Continuance of Laws Act 1787
- Parliament of Great Britain
- Long title: An Act to continue several Laws relating to the free Importation of certain Raw Hides and Skins from Ireland and the British Plantations in America; to the allowing the Exportation of certain Quantities of Wheat and other Articles to His Majesty's Sugar Colonies in America; to the prohibiting the Exportation of Tools and Utensils made use of in the Iron and Steel Manufactures of this Kingdom, and to prevent the seducing of Artificers and Workmen employed in those Manufactures to go into Parts beyond the Seas; and to the granting a Bounty on the Exportation of certain Species of British and Irish Linens exported, and taking off the Duties on foreign Raw Linen Yarns made of Flax imported.
- Citation: 27 Geo. 3. c. 36
- Territorial extent: Great Britain

Dates
- Royal assent: 30 May 1787
- Commencement: 23 January 1787
- Repealed: 21 August 1871

Other legislation
- Amends: See § Continued enactments
- Repealed by: Statute Law Revision Act 1871
- Relates to: See Expiring laws continuance acts

Status: Repealed

Text of statute as originally enacted

= Continuance of Laws Act 1787 =

Act of the Parliament of Great Britain

The Continuance of Laws Act 1787 (27 Geo. 3. c. 36) was an act of the Parliament of Great Britain that continued various older acts.

== Background ==
In the United Kingdom, acts of Parliament remain in force until expressly repealed. Many acts of parliament, however, contained time-limited sunset clauses, requiring legislation to revive enactments that had expired or to continue enactments that would otherwise expire.

== Provisions ==
=== Continued enactments ===
Section 1 of the act continued the until the Hides and Skins Act 1769 (9 Geo. 3. c. 39) "as relates to the free importation of certain raw hides and skins from Ireland, and the British plantations in America", as continued by the Continuance of Laws, etc. Act 1774 (14 Geo. 3. c. 86) and the Continuance of Laws Act 1781 (21 Geo. 3. c. 29), from the expiration of those enactments until the end of the next session of parliament after 1 June 1791.

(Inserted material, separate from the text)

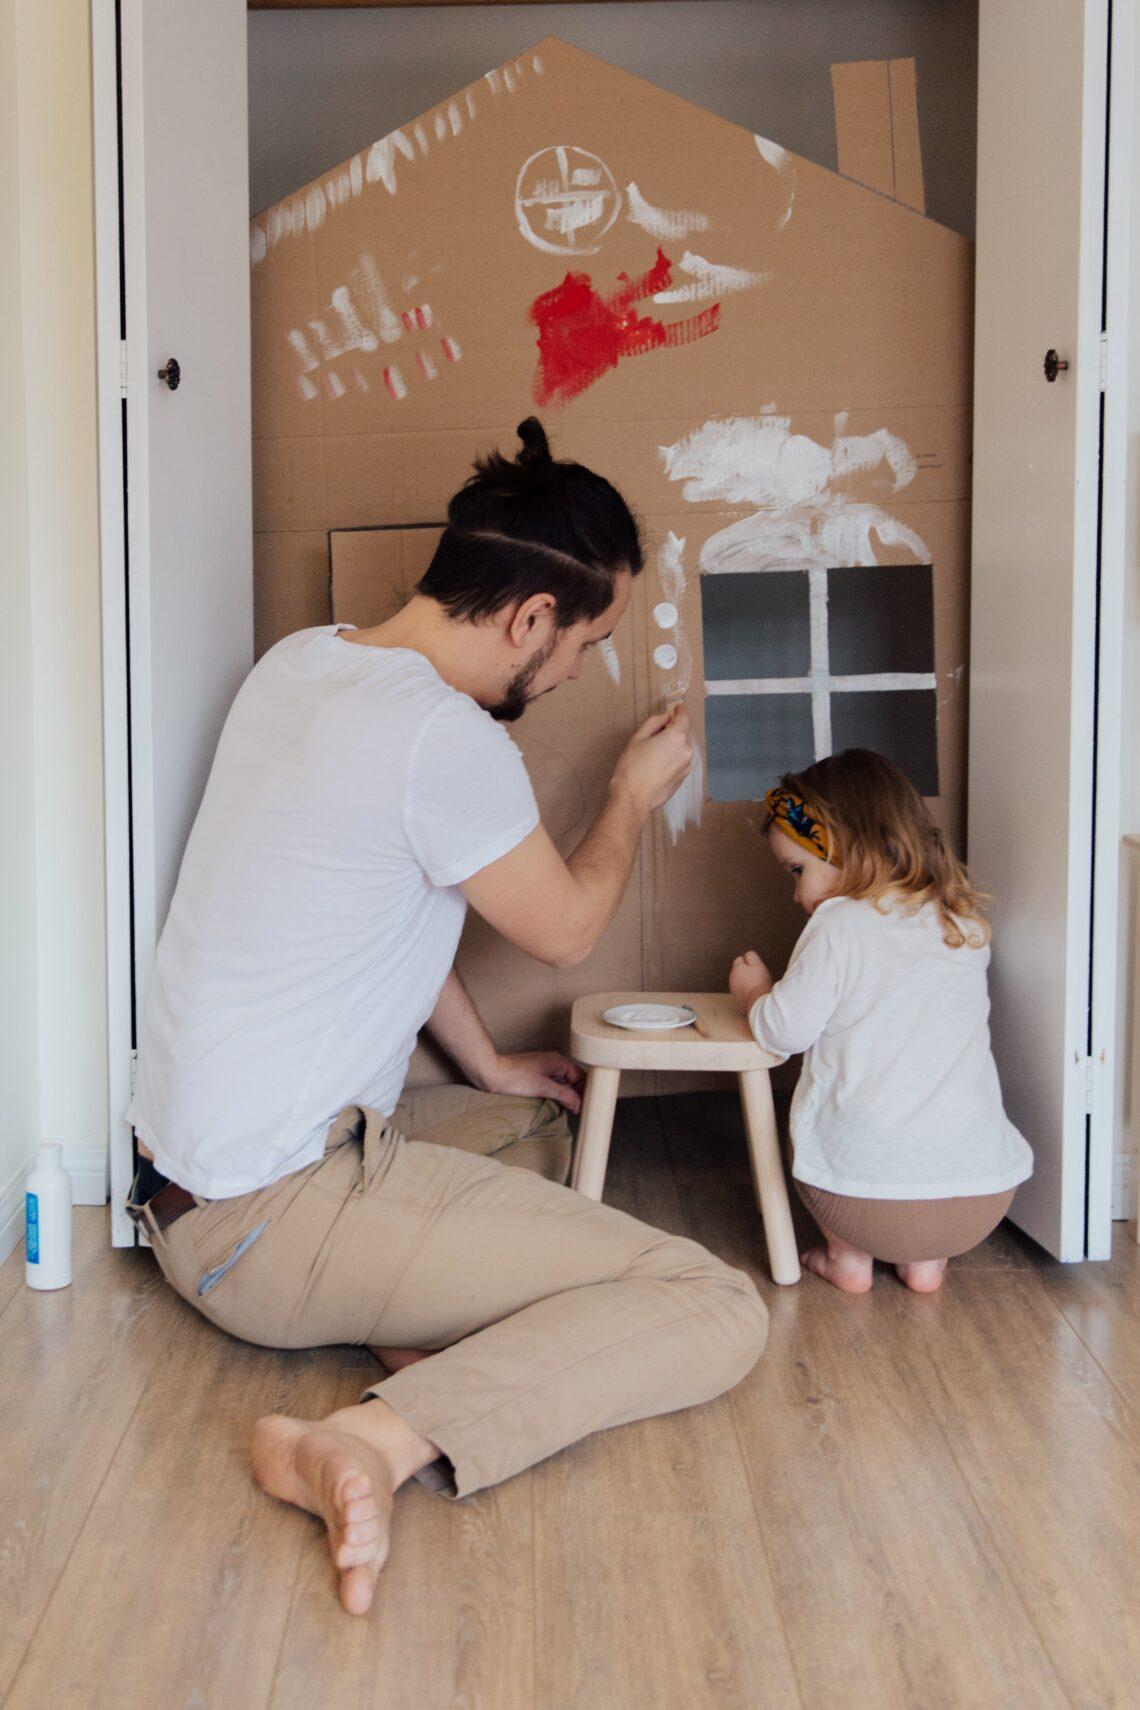 liknologio-dad-and-kid-paint

Section 2 of the act continued the Exportation Act 1776 (16 Geo. 3. c. 37) "as relates to allowing the exportation of certain quantities of wheat, and other articles to his Majesty's sugar colonies in America", as continued by the Exportation (No. 2) Act 1776 (17 Geo. 3. c. 28), the Exportation Act 1778 (18 Geo. 3. c. 16), the Continuance of Laws Act 1779 (19 Geo. 3. c. 22), the Continuance of Laws (No. 2) Act 1780 (20 Geo. 3. c. 19) and the Continuance of Laws Act 1781 (21 Geo. 3. c. 29), from the passing of the act until 1 May 1788.

Section 3 of the act continued the Exportation (No. 4) Act 1786 (26 Geo. 3. c. 89) from the expiration of the act until the end of the next session of parliament.

Section 4 of the act continued the Exportation Act 1756 (29 Geo. 2. c. 15), as continued by the Exportation (No. 4) Act 1770 (10 Geo. 3. c. 38) and the Bounties Act 1779 (19 Geo. 3. c. 27), from the expiration of the act until the end of the next session of parliament after 24 June 1788.

== Subsequent developments ==
The Select Committee on Temporary Laws, Expired or Expiring, appointed in 1796, inspected and considered all temporary laws, observing irregularities in the construction of expiring laws continuance acts, making recommendations and emphasising the importance of the Committee for Expired and Expiring Laws.

The whole act was repealed by section 1 of, and the schedule to, the Statute Law Revision Act 1871 (34 & 35 Vict. c. 116), which came into force on 21 August 1871.